The ignorance of healthcare issues just doesn’t stop here. It cuts through deep involving even children and pregnant women. The Dietary Guidelines for Indians- A Manual, is document provided by the National Institute of Nutrition, Hyderabad funded by Indian Council for Medical Research. The document of 2011 says that the diet of the pregnant woman should entail 350 additional calories to the existing 1400 calories with 0.5 grams of protein during first trimester and 6.9 g during second trimester and 22.7 g during third trimester of pregnancy. Other micro nutrients like Folic acid, Vitamin A, B12, C and E should be necessary even after birth to improve lactation.

The Angwadi at Mayabaazar is responsible to supply multi grain nutritional mix to pregnant women. Each packet weighs 2 kg and constitutes 350 calories. Priyamani, a 3 month pregnant mother often faces trouble in receiving her share. This happens to two stages. The nutrient packets just consist of 350 calories worth ragi floor. But, the National Nutrition Institute suggests that pregnant women should have fat oils, sugar, pulses, assorted vegetables, fruits, cereals and millets in their diet along with other grains. This criterion doesn’t get completed, as the Department of Women and Children Development of Karnataka doesn’t ensure the dietary needs which includes vegetables, fruits, vitamins and other millets apart from ragi and wheat.

The second stage of the problem comes not with policy and implementation but with law and order. The blonde rat tailed styled boys smoking ITC tobacco and reeking of Old Tavern whiskey, grew up and studied in the same Anganwadi. The very Anganwadi from which they rob away half of the nutrition boxes to sell at high prices in the slums. They consider themselves to be the next political heirs of their slum dwellings.

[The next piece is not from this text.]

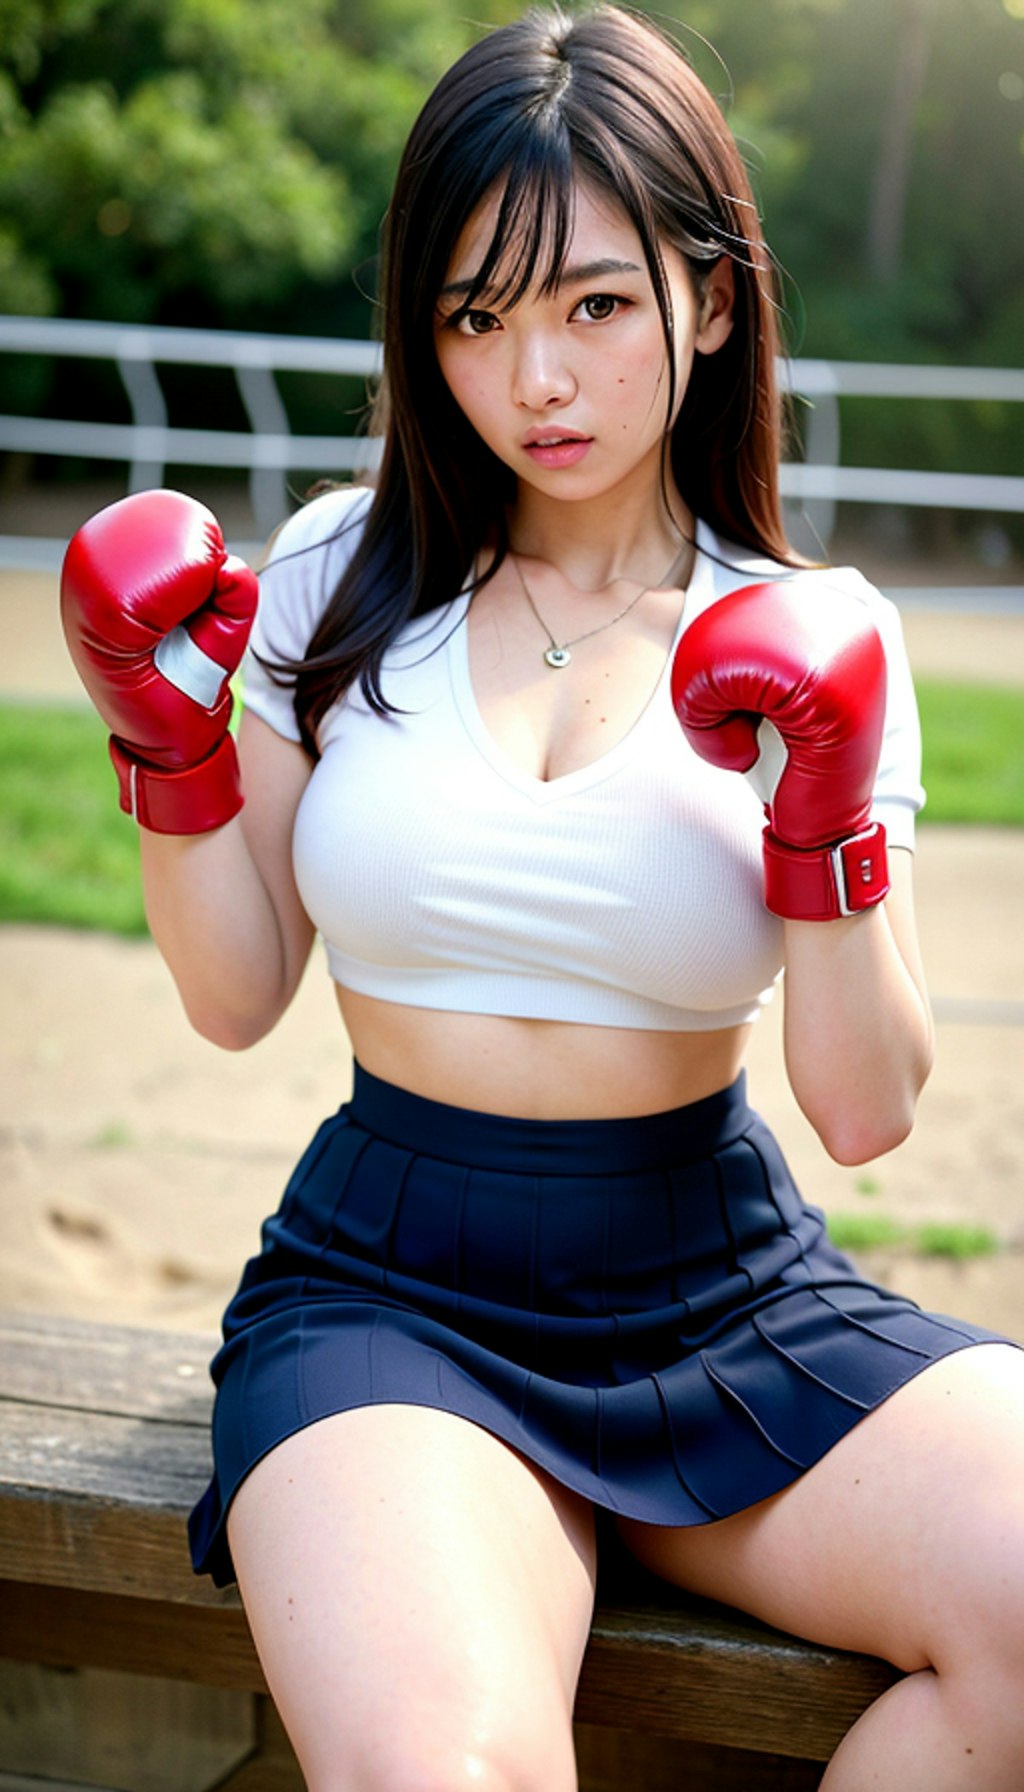 ボクシング白赤スカート1456-

M.S. Gowramma, the principal of the school and Anganwadi at Mayabazzar laments how the school, which actually was a British legacy, is now in ruins. “All the political leaders from this constituency have studied here in this school. Now nobody wants to take care of it.” The councillor of Maya Bazaar is Bhavya N. She was contesting on behalf of her brother as BBMP had introduced women quota in the local body elections. The congress dominated Maya bazaar has now given chance to BJP leader Shiva Kumar and Bhavya and are happy about it. However, the education of children in the slum is not given any importance.

The ceiling of the Anganwadi School at the Maya Bazaar slum was collapsing. Instead of repairing it, the school has announced holiday for safety purposes from past three months. The school in charge Safura Razak explains how it’s not actually the army that is stopping them from reconstruction, but the civil bodies that not interested in investing their time and energy to refurnish the school.

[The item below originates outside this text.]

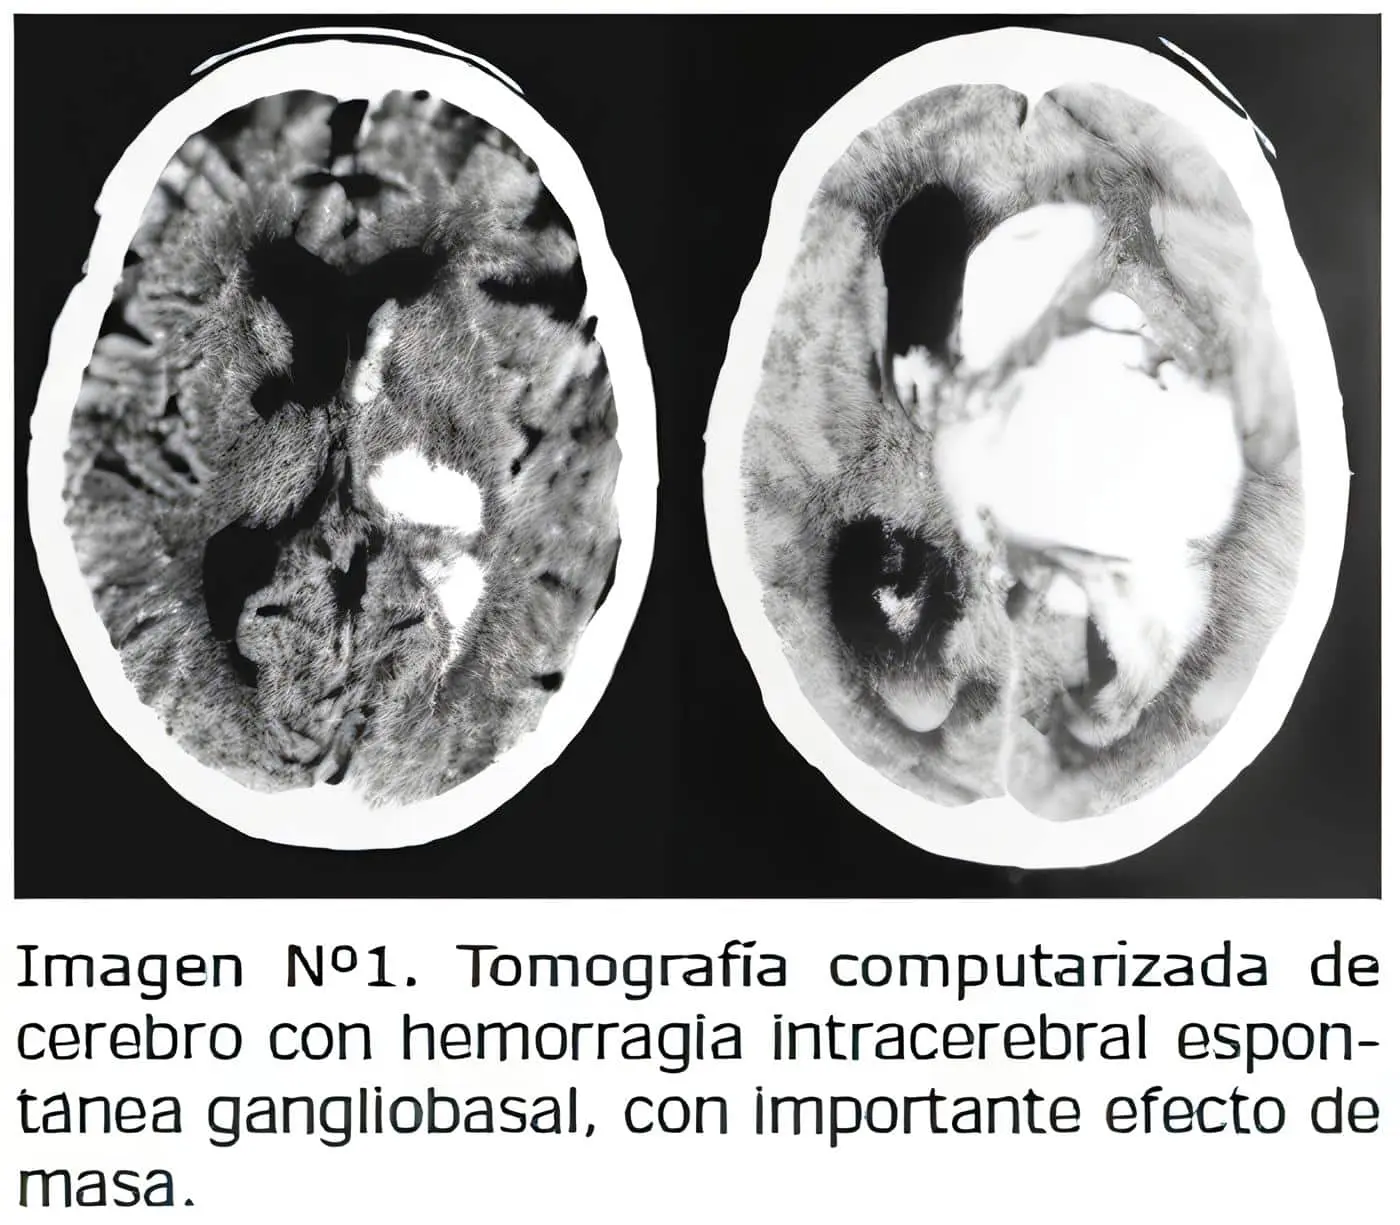  Tomografía computarizada, Hematoma Intracerebral

“The old existing British structure is also now in ruins as the high quality teak pillars and iron used to build the school have been stolen and sold at high prices as antiques. The same boys who studied in this school have made the auditorium their gambling dens and evening bars,” says M.S. Gowramma, the school principal.

Since the toilets have no water or sanitation facilities, the open backyard has now turned into human waste pile. Not just students, even the outsiders enter our premises and use the playground as their open bathroom.

There has been certain initiative by some local NGOs to start a football club to improve health awareness and improve sports among the children in Maya Bazaar. “I have represented the school and then continued to play for Bangalore South. I never got to play after that. I really wish this initiative works out,” says Jeevan Kumar a resident of Maya Bazaar.

The NGO intends to take this initiative in coordination with the school, as it wants to use the playground premises. But, the initiative is still a utopia like every other option that gets suggested at Maya Bazaar. The civic authorities refused to accept this plan in guise of army related issues.

The once enthusiastically filled people, who created Maya Bazzar- the palace of Magic, are now left with no hopes at all. While political corruption, false promises and crime triumphs the homes at Maya Bazaar are filled with void in continued absence of basic facilities like education, nutrition and health.